本書は,自立語に比して相対的に研究が遅れていた付属語のアクセントを正面に据えて研究したもので,臨地調査に基づいて信州大町方言,東京方言,京都方言,鹿児島方言,陸中宮古方言の5方言を対象に網羅的な記述を試みた意欲的な本である。

著者は,まず,従来の研究が散発的・個別的であって体系的ではなく,その手法も一貫したものがなかったという立場に立って批判を展開する。その上で,「前の語からの音の相対的高低関係上の続き方」を「付属語アクセントの「式」としてとらえる」という視点を提唱して統一的に分析を進める。それにより,自立語と付属語を合わせた日本語のアクセント構造の全体像を捉えることが可能になるという考えである。

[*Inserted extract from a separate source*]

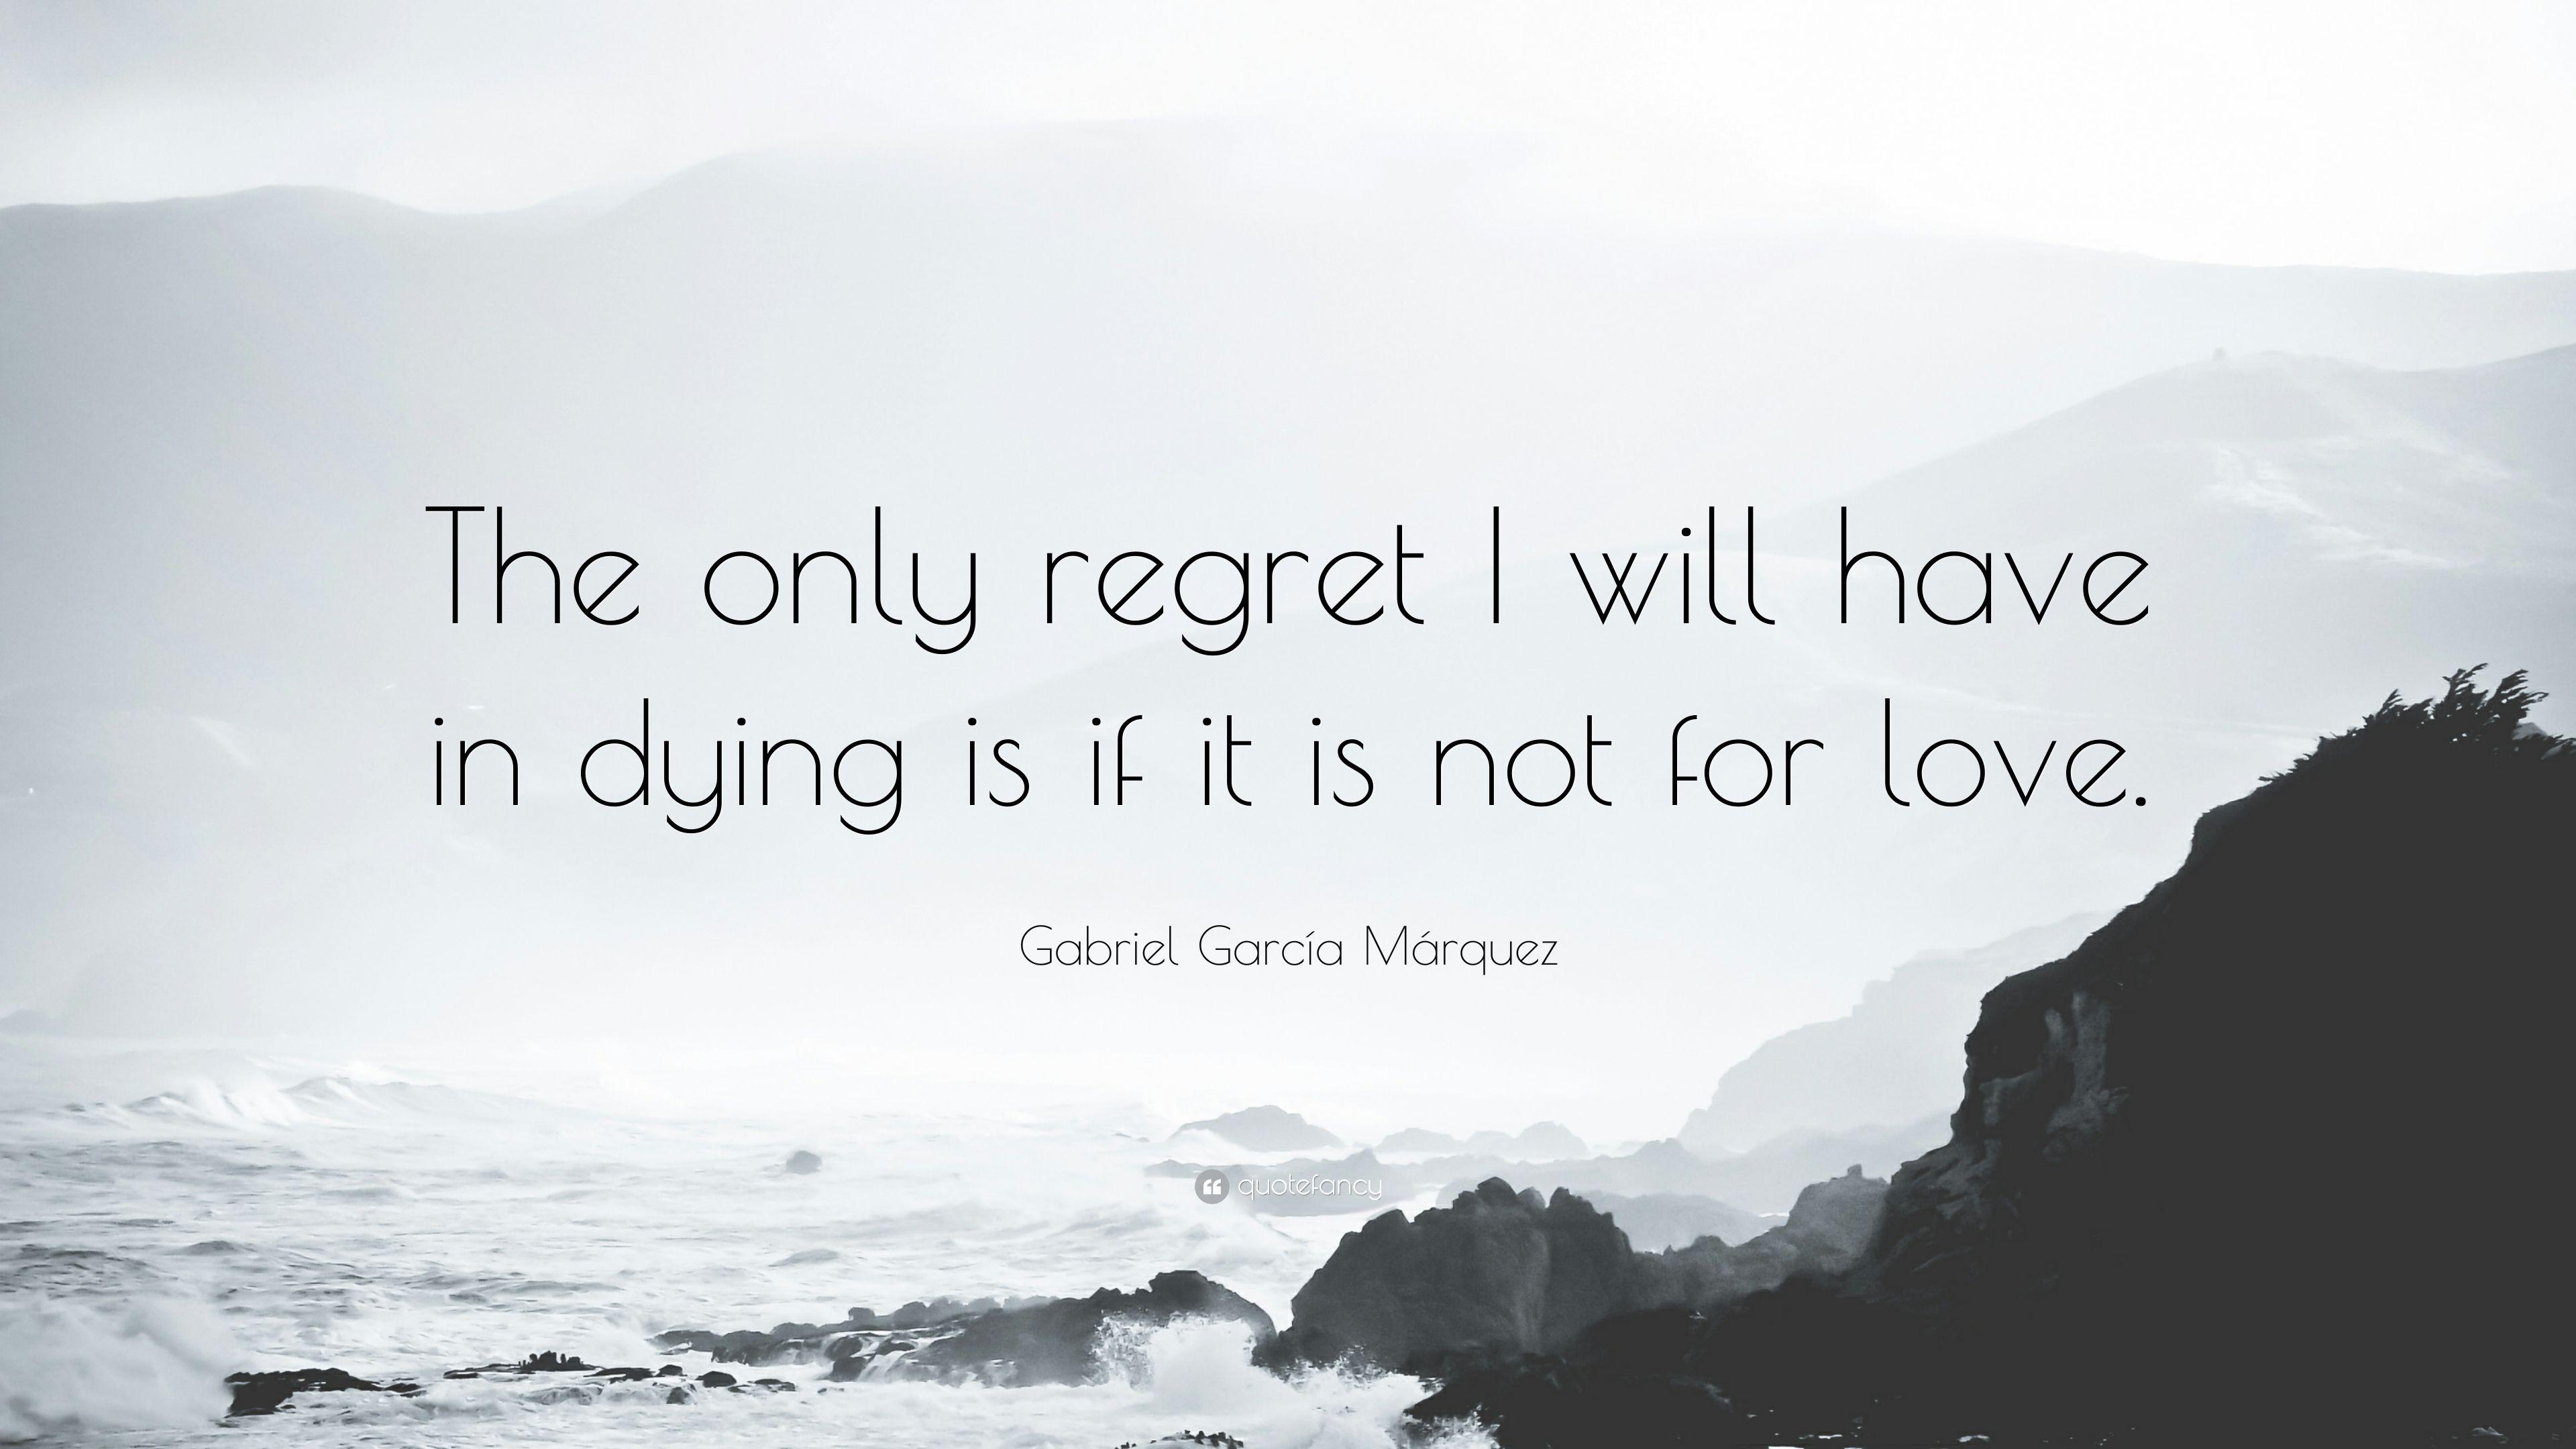 Gabriel García Márquez Quote: “The only regret I will have in dying

結論として計6種類の付属語の式を立てる(以下,断らない限り,例は東京方言)。

  • 前接自立語のアクセントをそのまま実現させる「従接式」(取り立てのワ)
  • 前接自立語の声調が及ぶ「声調式」(使役のサセル)
  • 前接自立語からアクセント上独立する「独立式」(伝聞のソーダ)
  • 前接自立語から下がって付く「下接式」(禁止のナ)
  • 前接自立語のアクセントに関わりなく付属語の型となる「支配式」(丁寧のマス)
  • その付属語の1拍前から下がる「共下(ともさげ)式」(京都方言,打消のヘン)

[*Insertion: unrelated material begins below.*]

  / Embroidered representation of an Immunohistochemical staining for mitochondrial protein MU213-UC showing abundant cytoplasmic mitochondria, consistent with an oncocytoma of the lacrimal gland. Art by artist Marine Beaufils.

である。これらに加えて,上記のうちの2つの式を組み合わせた「複合式」が,方言によっては複合付属語に認められる(宮古方言の丁寧デ・ゴゼンス)。

この明確な視点に立って5つの方言を臨地調査したその記述は詳細で,取り上げた付属語の数は先行研究をはるかに凌ぐ。また,その分析も概ね適切である。特に陸中宮古方言の記述は,自立語を含めた全体的なアクセント研究として面白く読め,学界に対する大きな貢献となっている。

ただし,著者は先行研究を実に丹念に集めて紹介しているが,そのすべてに目くばりをしているためか,それらを等しなみに扱って全体を批判し否定する傾向が強い。ここはそれにとどまらず,それらの中で研究を大きく進展させた画期的な論考を取り上げてその問題点を具体的に指摘し,それを克服するという姿勢が欲しかったところである。それがあれば,もっと焦点の合った批判が展開でき,真に先行研究を乗り越えた発展になったのではないかと惜しまれる。

とは言え,従来の個々の方言ごとの個別的な研究に対して,5つの方言を対象にその全体を統一的な視点で取り扱った点は高く評価できる。本書が刺激となって日本語諸方言の付属語アクセント研究が一層進むことが期待される。本選考委員会は,田中宣廣氏の研究を金田一賞に値するものと評価した。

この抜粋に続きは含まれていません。